Гастон опять, и столь же удачно, как в первый раз, пересек замерзший пруд и направился к дереву, где он привязал своего коня, но вместо его раненой лошади там стояла лошадь Монлуи, и, благодаря предупредительности друга, он меньше чем через три четверти часа, без всяких неприятных приключений уже был в Нанте.

VI. ПУТЕШЕСТВИЕ

Весь остаток ночи Гастон писал завещание, которое на следующий день он передал одному из нантских нотариусов.

Все свое состояние он завещал Элен де Шаверни и умолял ее, в случае если он умрет, не отказываться от мира, а продолжать жить, как это и положено столь молодому и прекрасному существу. Единственно, о чем он просил ее, это назвать своего первого сына в память о нем Гастоном, потому что сам он был последним в роду.

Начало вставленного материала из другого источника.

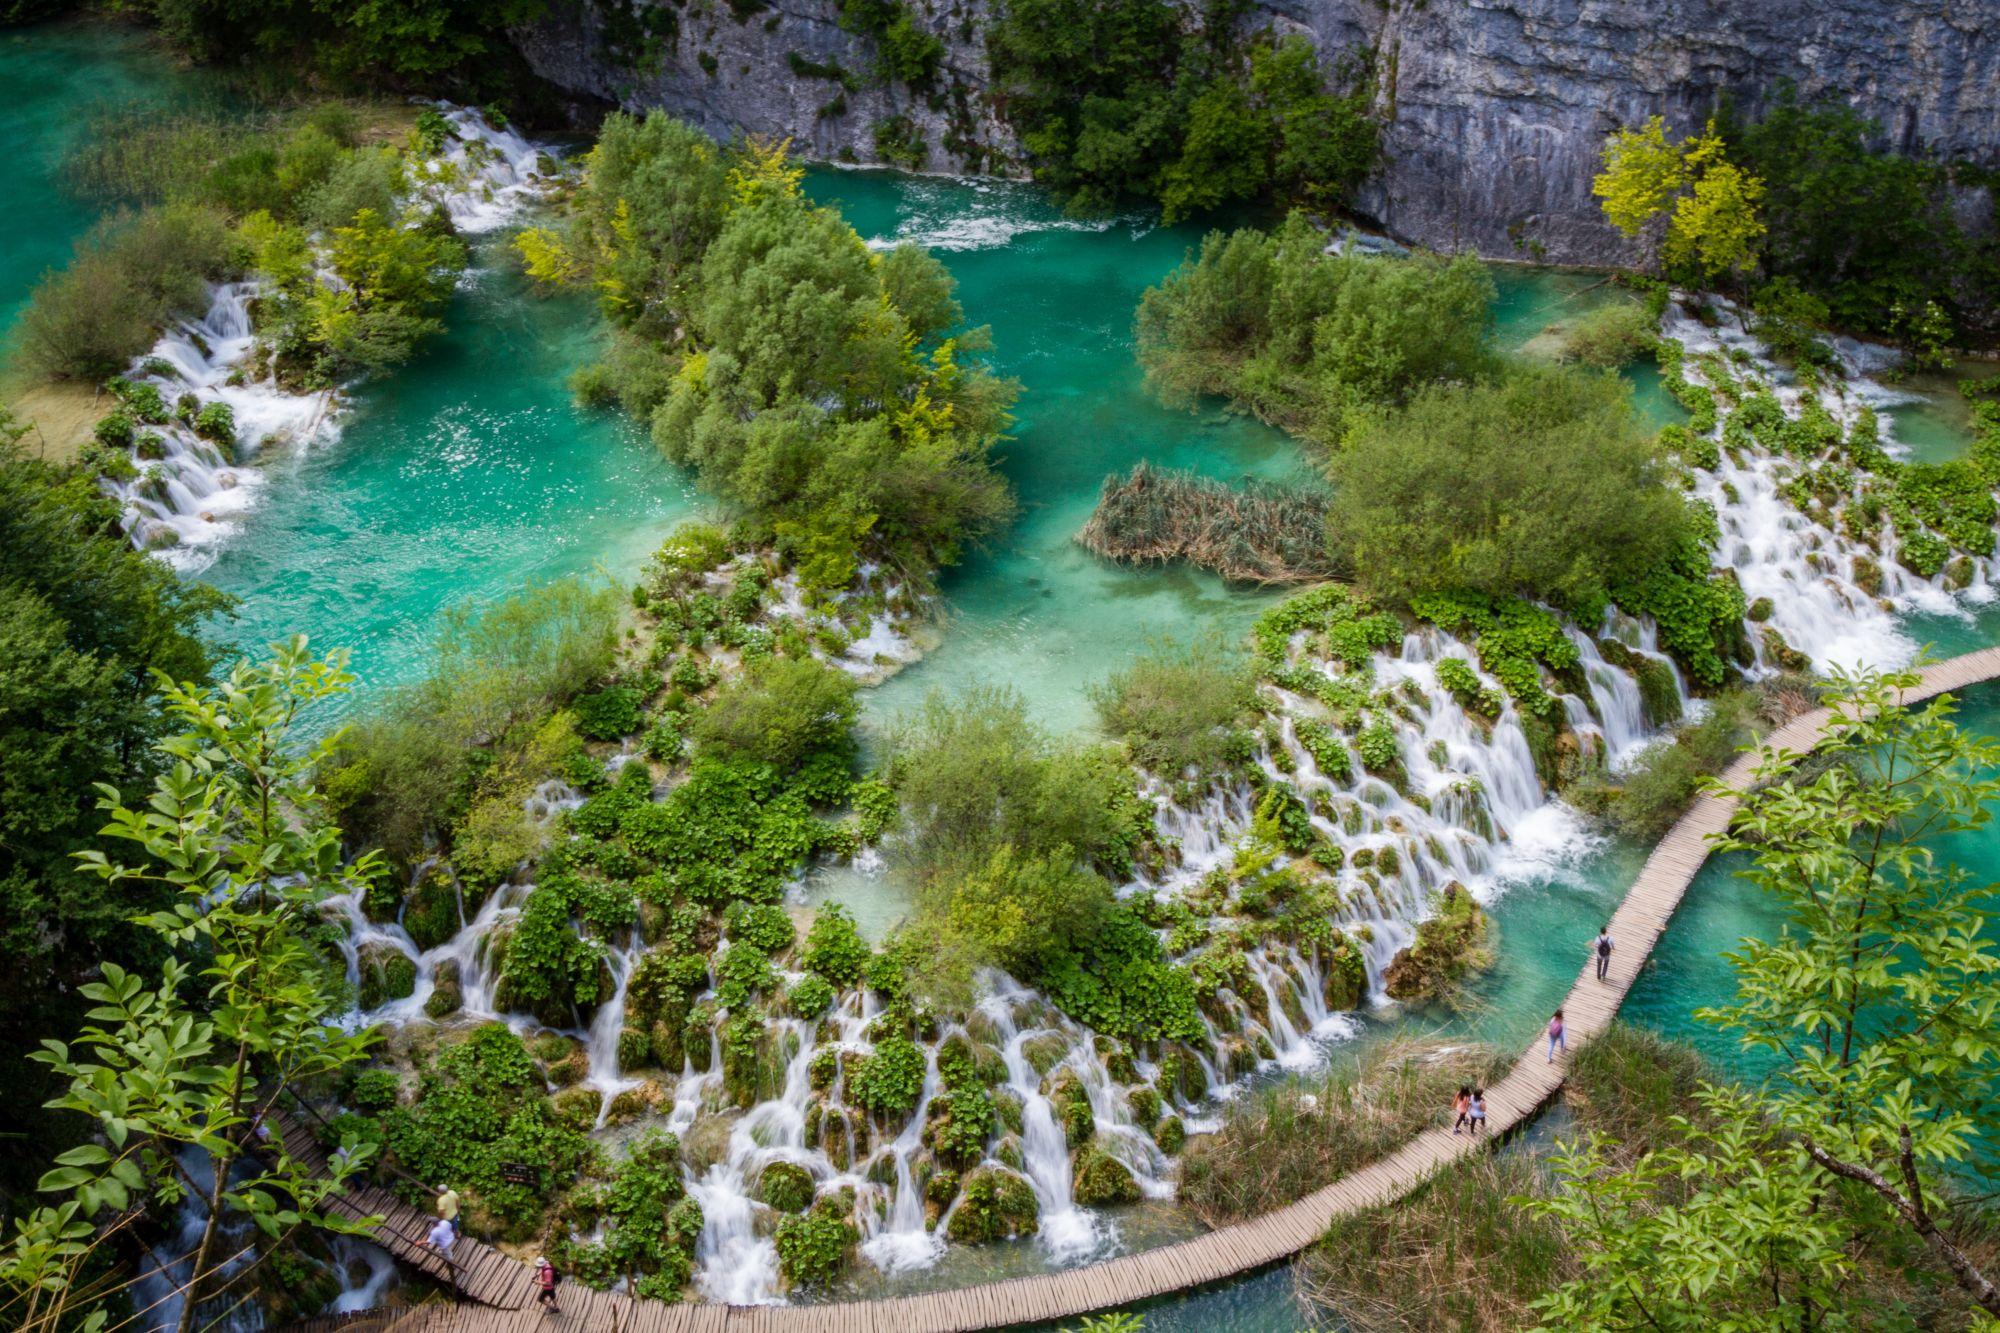 Ljepote sjeverne Dalmacije: Nacionalni park Plitvička jezera

Затем он последний раз пошел повидаться с друзьями, особенно с Монлуи, который накануне больше всех из четверых поддержал его, еще раз заверил их в успехе дела и получил от Понкалека половину золотой монеты и письмо, которое он должен был вручить некоему капитану Ла Жонкьеру, парижскому корреспонденту заговорщиков, кто, в свою очередь, должен был ввести его к важным особам, ради чего Гастон и ехал в Париж. После этого он положил в чемодан все наличные деньги и в сопровождении своего слуги по имени Ован, служившего у него уже три года, которому, как он полагал, можно было доверять, выехал из Нанта. Друзья решили не провожать его из страха навлечь подозрения.

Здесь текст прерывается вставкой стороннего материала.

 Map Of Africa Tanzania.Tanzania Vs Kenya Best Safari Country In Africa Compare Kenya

Был полдень, дорога была прекрасная. Под зимним солнцем блестел снег на полях, а сосульки на ветвях деревьев сверкали, как алмазные сталактиты; дорога была почти пустынна: ничто ни впереди, ни позади Гастона не напоминало столь хорошо знакомую ему монастырскую карету, в которой добрые августинки из Клисона обычно привозили своих пансионерок от родственников и увозили их обратно. Гастон в сопровождении лакея продолжал путь, и на лице его отражалась радость, смешанная с печалью, обычно сжимающей сердце человека при виде красоты природы, возможность созерцать которую он может потерять навсегда из-за неизбежного и рокового события.

Порядок следования от Нанта до Мана был определен Гастоном еще до выезда вместе с его друзьями, но у молодого человека было множество причин его нарушить, и первая из них — наледь, от которой дорога блестела как зеркало. То было препятствие совершенно неодолимое: даже если бы Гастон и мог с ним справиться, он бы все равно этого не сделал, потому что, как помнит читатель, ему нужно было ехать не слишком быстро. Он сделал перед своим лакеем вид, что очень спешит, но лошадь его при первой же попытке пустить ее рысью дважды поскользнулась, а лошадь Ована просто рухнула, и они, совершенно естественно, дальше поехали шагом.

Что касается лакея, то с самой минуты отъезда он, казалось, куда больше спешит, чем хозяин; правда, он принадлежал к тем людям, которые всегда стремятся поскорее добраться до места, потому что в путешествии видят только тяготы и неудобства и хотят по возможности его сократить. Впрочем, он был в восторге при мысли, что в конце пути их ждет Париж. Правда, он никогда его не видел, но, как он говорил, ему о нем рассказывали чудеса, и если бы он мог приделать крылья к ногам лошадей, хотя всадником он был неважным, они бы уже через несколько часов были там.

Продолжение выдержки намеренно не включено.